When provisioning via VSphere, the vmware capability can be used to provide extensive configuration. The following properties are supported on this capability:

  • cluster (java.lang.String): The name of the ClusterComputeResource to use; if not supplied, it will auto-select
  • datastore (java.lang.String): The name of the datastore to use; if not supplied, it will auto-select
  • resourcePool (java.lang.String): The name of the resourcePool; if not supplied, it will auto-select
  • customIpAddress (java.lang.String): IP address to request/assign for this instance; typically leave blank and have vCenter choose
  • customHostname (java.lang.String): If you want to set a custom hostname otherwise leave blank and use default depending on OS, Required ifcustomHostName set.
  • customDomain (java.lang.String): If you wish to set a custom domain otherwise leave blank and use default depending on OS. Required on linux if CUSTOM_IP set
  • customSubnetMask (java.lang.String): If you wish to set a custom subnet mask otherwise leave blank and use default depending on OS. Required ifcustomHostName set
  • customNameservers (java.lang.String[]): If you wish to set a custom DNS list otherwise leave blank and use default.

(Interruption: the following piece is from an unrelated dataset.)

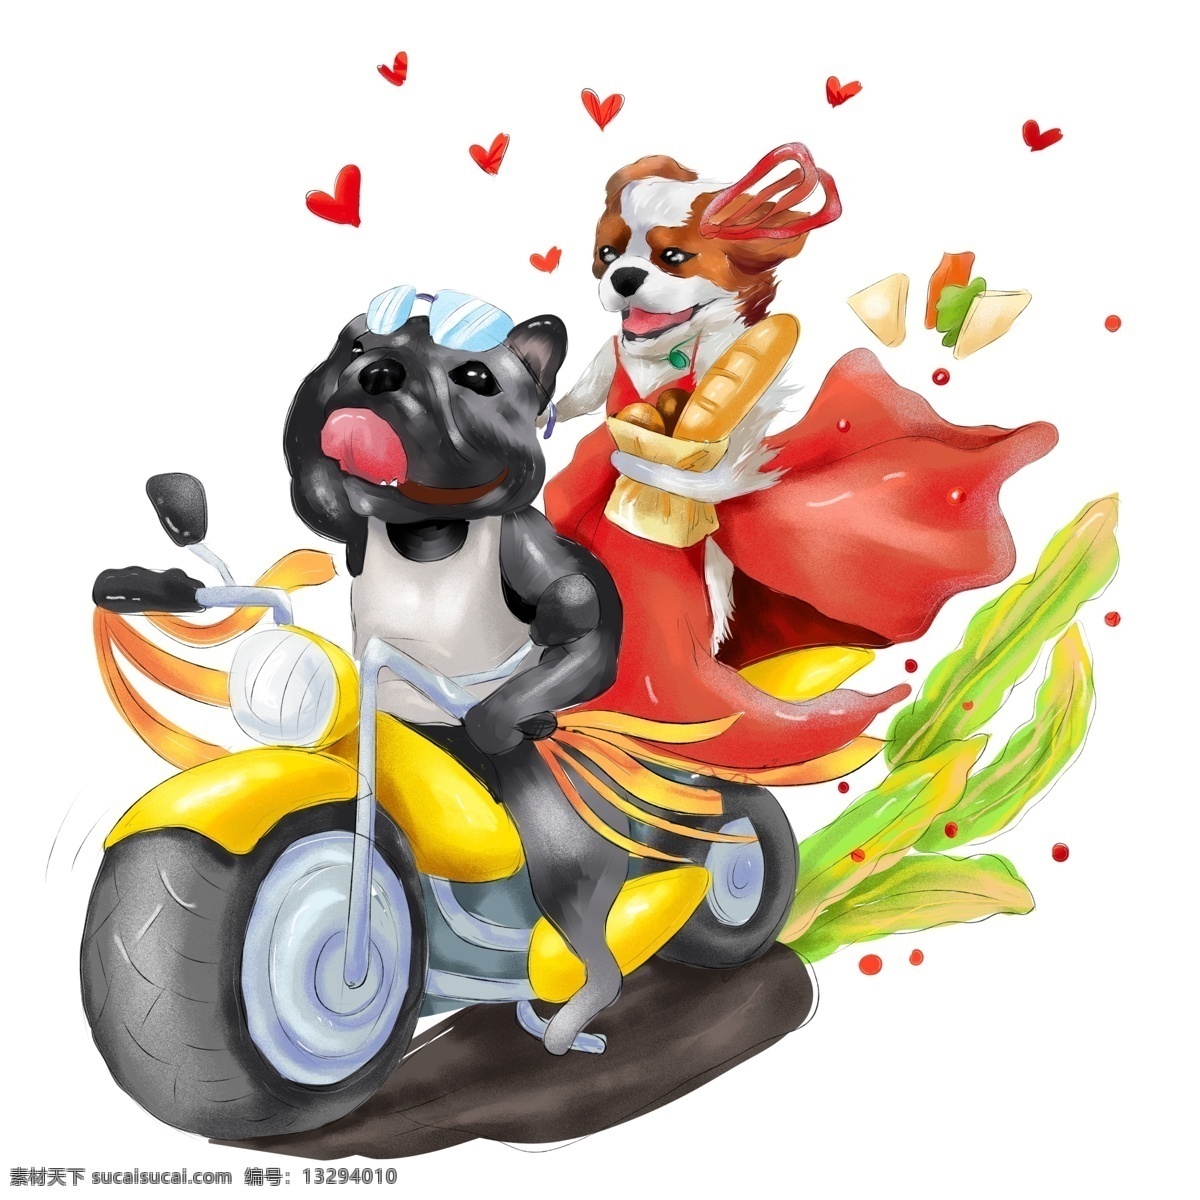 商用 手绘 谈恋爱 狗 动物 爱情 光棍 节 摩托 光棍节 海报素材 插画 恋爱 谈恋爱的狗 摩托车 交通工具 元素 斗牛犬
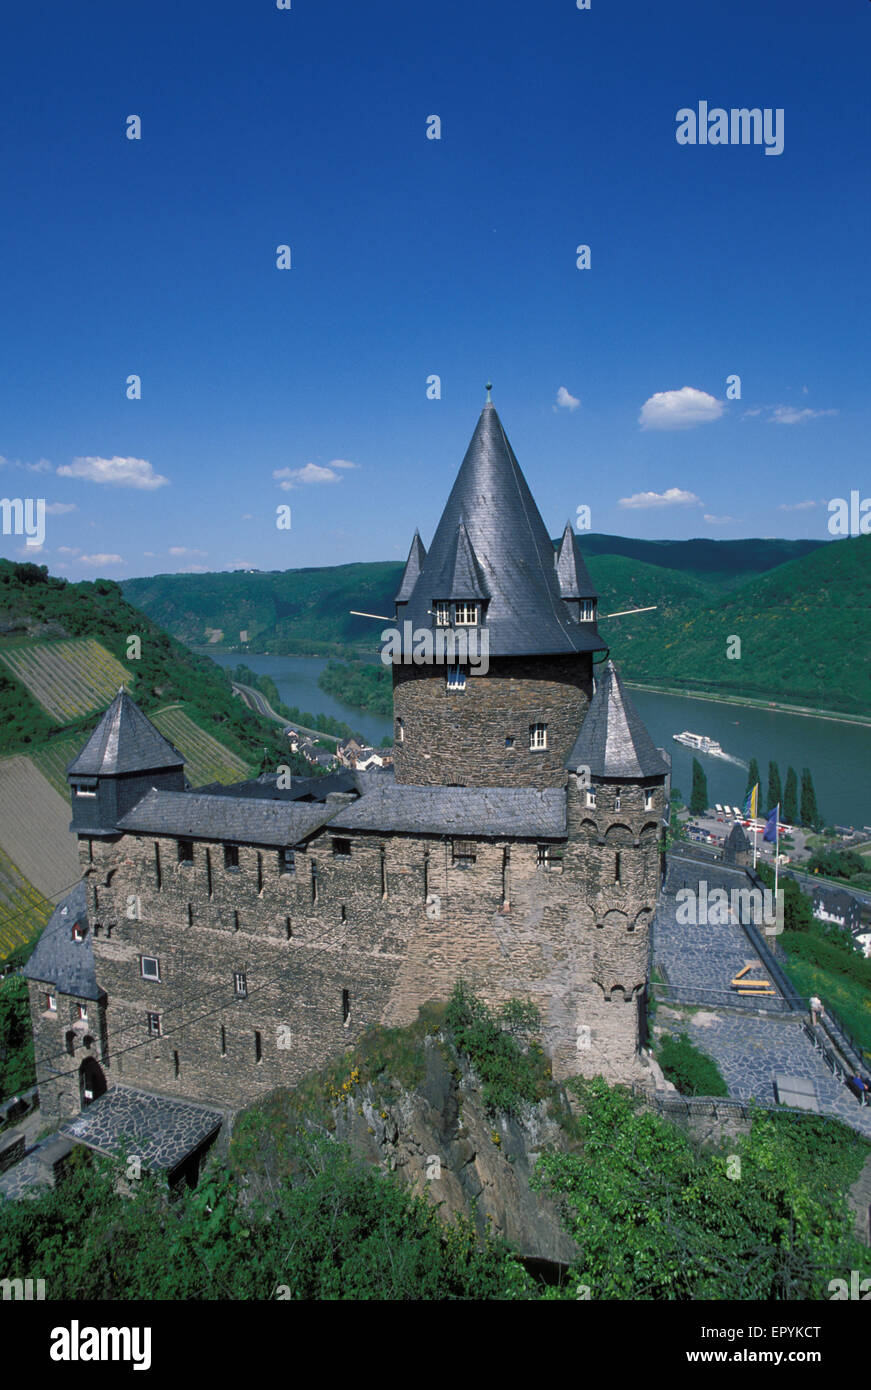 DEU, l'Allemagne, le château de Stahleck Bacharach au bord du Rhin. DEU, Deutschland, Burg bei Stahleck Bacharach am Rhein. Banque D'Images

Required if CUSTOM_IP set
  • osFamilyOverride (org.jclouds.compute.domain.OsFamily): OS family of VMs (ignores VM metadata from VMware, and assumes this value); common values include: “windows ““linux”, “debian”, “centos”, “ubuntu”, “rhel”
  • windowsProductId (java.lang.String): If you want to set a custom ip or hostname for a windows based machine you need to also configure the product id otherwise a default of XXXs isset which will eventually fail if not then corrected later
  • customWindowsWorkgroup (java.lang.String): Set the workgroup that this server should join - defaults to WORKGROUP
  • imageId (java.lang.String): A system-specific identifier for the VM template image to be used when creating a VM
  • imageNameRegex (java.lang.String): A regular expression to be compared against the ‘name’ when selecting the VM template image to be used when creating a VM
  • windowsTimezone (java.lang.Integer): Microsoft timezone - see https://docs.microsoft.com/en-us/previous-versions/windows/embedded/ms912391(v=winembedded.11) - defaults to GMT
  • windowsUserOrganisation (java.lang.String): Full name of the end user. Note that this is not the username but full name specified in “Firstname Lastname” format"
  • windowsUserFullName (java.lanf.String): Name of the organization that owns the computer.
  • customGateways (java.lang.String[]): List of gateways to set on adapter
  • additionalVolumes (List<StorageVolumeDefinition>): List of maps containing keys size (e.g. &quot;100 gb&quot;) and optional order (if supplied each of the n values must be unique in the range [0,n-1])
  • managementNetworkName - the network via which AMP can access the VM under management. If this is not set then the order 0 NIC will be used.
  • publicNetworkName - the public network. If this is not set then the management network will be used.
  • networks (List<NetworkDefinition>): List of maps describing networks, as described below

The normative attribute sensors public_address and private_address are set on the node entity instance,

On Windows machines, two additional sensors are available – windows.username and windows.password.encoded – because many Windows scripts require this information (e.g. in order re-authenticate); the latter one is base-64 encoded to prevent odd characters causing problems and casually exposing it.

VMware Networks

The NetworkDefinition object used in the networks property accepts the following fields:

  • mandatory name (the name of the network in VMware)
  • optional order (as per additionalVolumes)
  • optional dhcp (described below)
  • optional ipAddress
  • optional subnetMask
  • optional gateways (list of ip addresses, e.g. ["10.0.0.1", "10.0.0.2"])
  • optional nameservers (list of ip or ipv6 addresses, e.g. ["10.0.0.1", "10.0.0.2"]); on Linux these are aggregated and set globally because per-NIC DNS is not available
  • optional ipV6Auto (described below)
  • optional ipV6Address
  • optional ipV6SubnetMask (unlike ipv4, this is the number of initial 1 bits, so 64 not ffff:ffff:ffff:ffff::)
  • optional ipV6Gateways (list of ipv6 addresses)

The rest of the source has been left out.